First step I suggest is to go to TSC and buy a fence tester. This is the one we have, it's $10 but works fine for us. Without it, you're almost working blind.
http://www.tractorsupply.com/electr...are-accessories/electric-fence-tester-3601457

Also, you want 2 or 3 grounding rods placed about 10 feet apart, connected to each other and then connected to the hotbox. When we first installed our fence charger, we popped one grounding rod in the ground and went on our way. When we started getting into trouble we researched it and most said poor grounding was probably one of the most common problems. 

Now, you want to take you fence tester and test the hotbox, disconnect it from the fence and the grounding line(the fence tester explains how to do this as well). This will make sure your fence charger is working. (Ours had died, even though it continued to click) So we installed our second hotbox. Hook the hotbox back to the fence and turn it on.

If the hotbox is working now you're going to work your way down the line. It's best if you have a couple people, one to work the hotbox and one to work the tester. Walk down the fence a little bit and test it with your tester. 

Hopefully your fence is just a simple loop, ours has several forks in it. We chose to cut our fence to find the ground, but you can choose to troubleshoot and maybe avoid cutting the fence. Walk the fence and make sure you are not grounding out somewhere, weeds, trees, touching nonplastic posts. If you are still not getting a charge, you can try what we did.


Now this is where our pasture gets a little tricky because it's not a simple loop, we have a couple of different forks in the fence to make a couple different pastures.We went to the first fork which is fairly close to the charger and tested the fence there. Nothing. So we cut the line seperating the fork from the main line and hubby found out real quick why I suggested turning the charger off before cutting it. So be sure to turn the hotbox off anything you go to cut the fence, chances are one end will be dead and other will be very much alive. By doing this we knew the line was hot up until the Y. After this, you reconnect the fence and turn the hotbox back on. So one line on the Y was grounding out, killing the whole fence. Onto the Y, we cut one line off of the Y and tested the fence. By doing this, when you cut the ground off of your fence, your tester should light up. If it doesn't the line that is still connected, is the one grounding. Basically, you just do this over and over again until the whole fence lights up when tested. Process of elimination.

We use wire, so it's a little easier to reconnect it after we cut it, but it sould still work the same with the electric tape. 

I hope you find what the problem is, fence issues are a PITA. Without the fence tester we would have never figured it out, because we had several problems. Our main hotbox had died(but still clicked like it worked), we didn't have a good ground, and the fence was grounding out in deep brush in the back of the pasture.


----------



## Tiff (Mar 22, 2010)

Thank you so much Neal and Wolffeathers ... I will go and get a tester, I do not have one. 

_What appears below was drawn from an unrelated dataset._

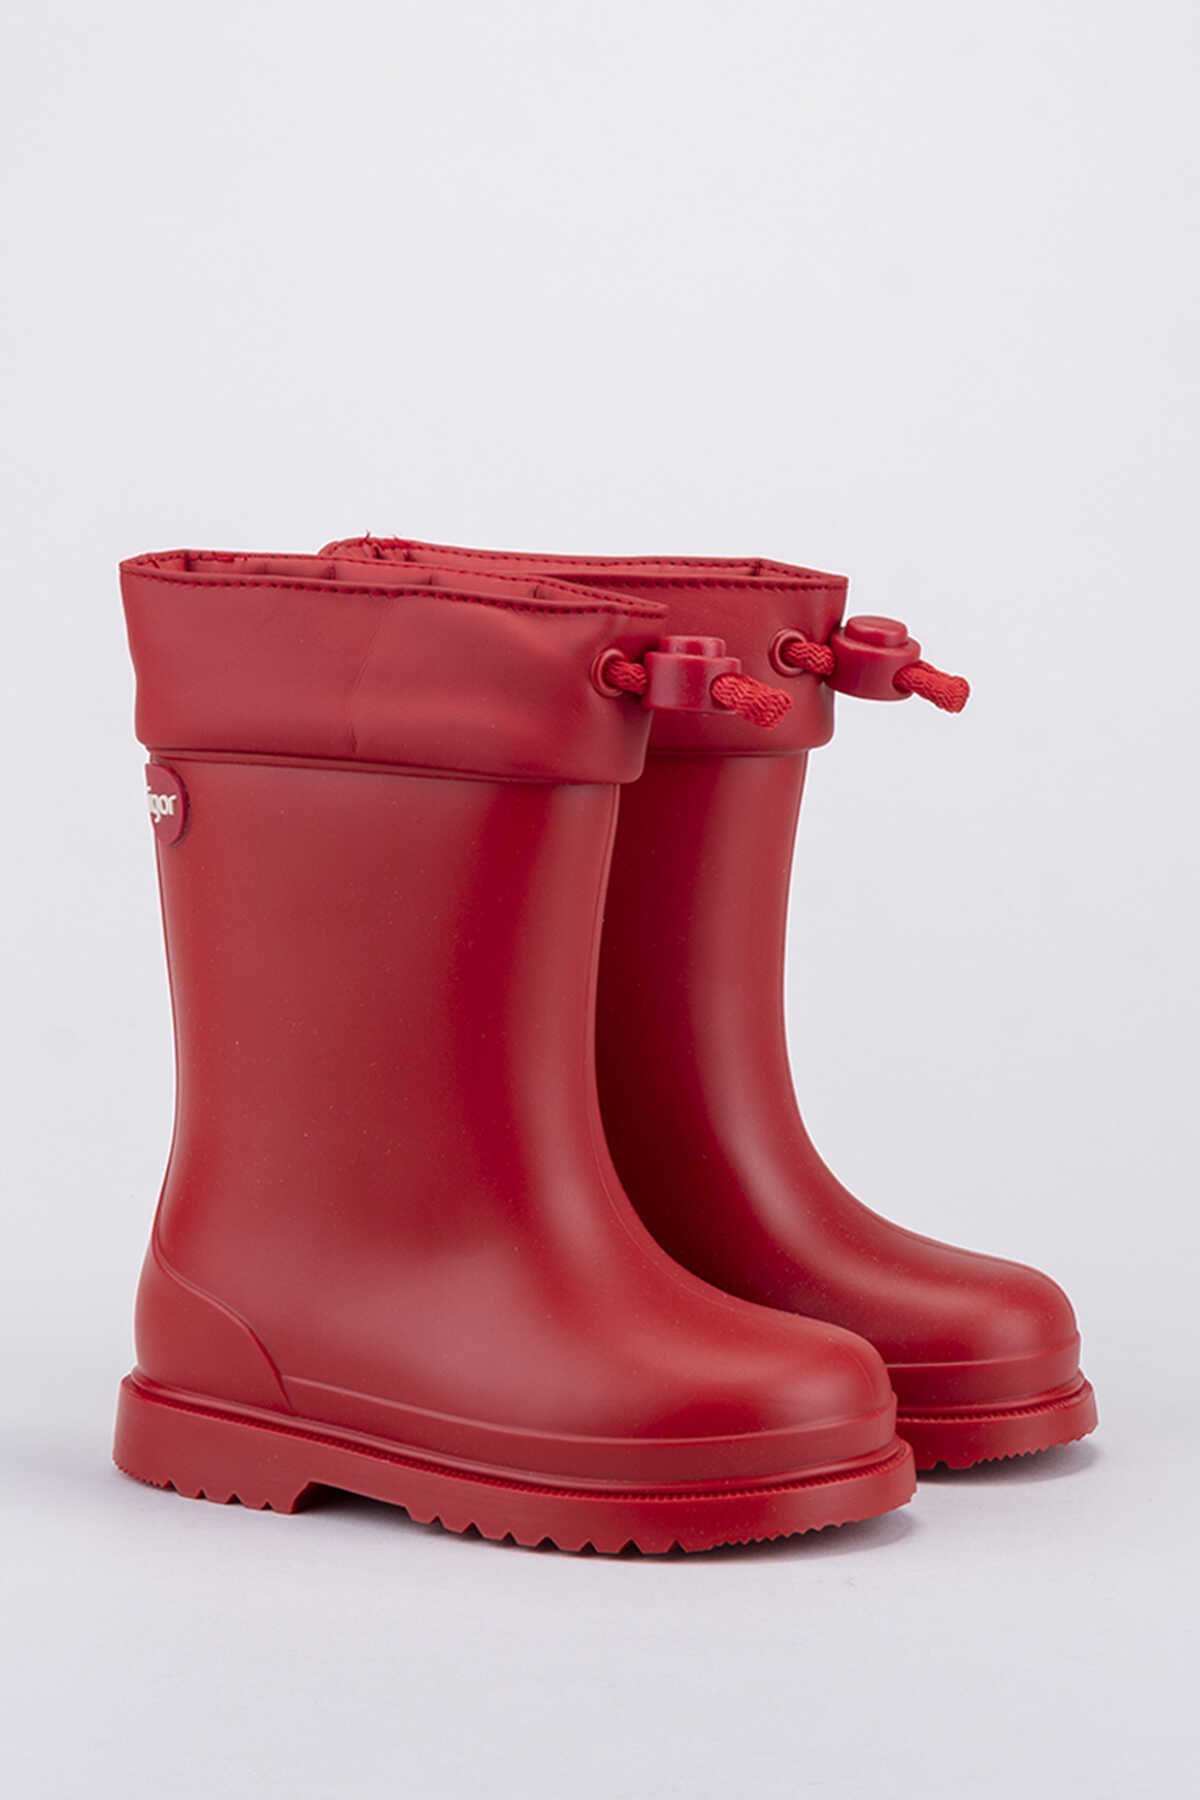 Igor - Igor CHUFO CUELLO Yağmur Çizmesi Kız Kız Çocuk Ayakkabı Kırmızı

There is no brush anywhere as everything has died back. The tape is only touching plastic or wood.

When cutting the tape, how do I reattach the two "good" pieces? Just tie them in a knot? Or is it more advanced than that?


----------



## wolffeathers (Dec 20, 2010)

Tiff said:


> Thank you so much Neal and Wolffeathers ... I will go and get a tester, I do not have one.
> 
> There is no brush anywhere as everything has died back. The tape is only touching plastic or wood.
> 
> When cutting the tape, how do I reattach the two "good" pieces? Just tie them in a knot? Or is it more advanced than that?


That was the part I wasn't sure of, because we use plain wire. We just form a loop with one and and thread the other end through and basically just tie it in a knot. 

I think they sale splices for electrical tape fences, which is simply a buckle looking piece of hardware. 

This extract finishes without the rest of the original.